Suppose I have some example data:
import pandas as pd
data = [
{"name": "cat", "var": "v1", "col1": 5, "col2": 7},
{"name": "cat", "var": "v2", "col1": 4, "col2": 8},
{"name": "dog", "var": "v1", "col1": 11, "col2": 15},
{"name": "dog", "var": "v2", "col1": 12, "col2": 14},
]
df = pd.DataFrame(data)
print("DATA\n", df)
DATA
name var col1 col2
0 cat v1 5 7
1 cat v2 4 8
2 dog v1 11 15
3 dog v2 12 14
I would like to get all values of col2
where col1
is minimum with each name
, like the following:
name col2
cat 8
dog 15
My idea was to first pivot the data to deduplicate the names:
df = df.pivot("name", "var", ["col1", "col2"])
print("\nPIVOT\n", df)
PIVOT
col1 col2
var v1 v2 v1 v2
name
cat 5 4 7 8
dog 11 12 15 14
Then I could get the minimum indices, to know which var
contains the minimum for col1
:
(Side note: is there a way to select just all var
s without listing each possiblity?)
dfMinIdx = df[[("col1", "v1"), ("col1", "v2")]].idxmin(axis=1)

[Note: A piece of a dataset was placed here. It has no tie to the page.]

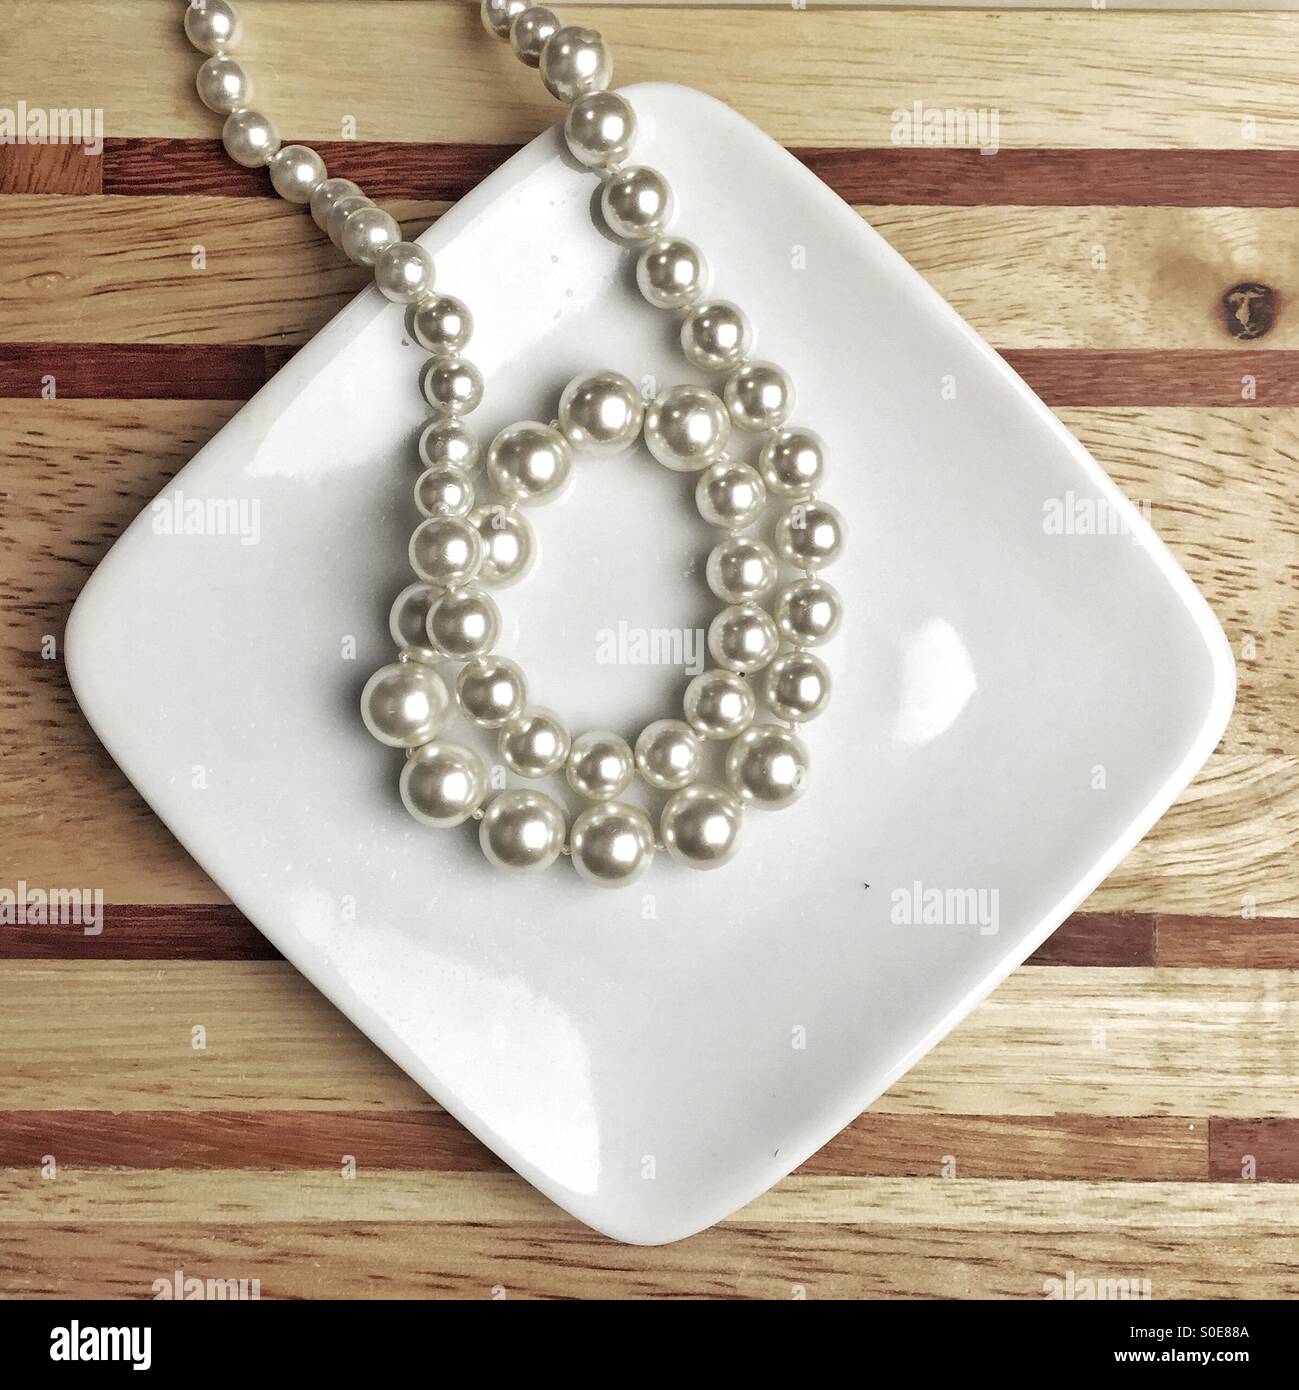 String of white pearls on a porcelain plate Stock Photo

print("\nMINIDX\n", dfMinIdx)
MINIDX
name
cat (col1, v2)
dog (col1, v1)
dtype: object
Now I know that for cat
v2
should be selected and for dog
it should pick v1
.
But this is where I'm suck. How would I access the col2
values from dfMinIdx
?
This is how I built an adjusted indexing DataFrame, but not sure how to "apply" it to df:
dfOtherIndex = dfMinIdx.transform(lambda x: ("col2", x[1]))
An alternative question would be how do I access a MultiIndex (here "PIVOT") with a Series of tuples (here "MINIDX")? I just wanted to give the full context in case I'm on the wrong path.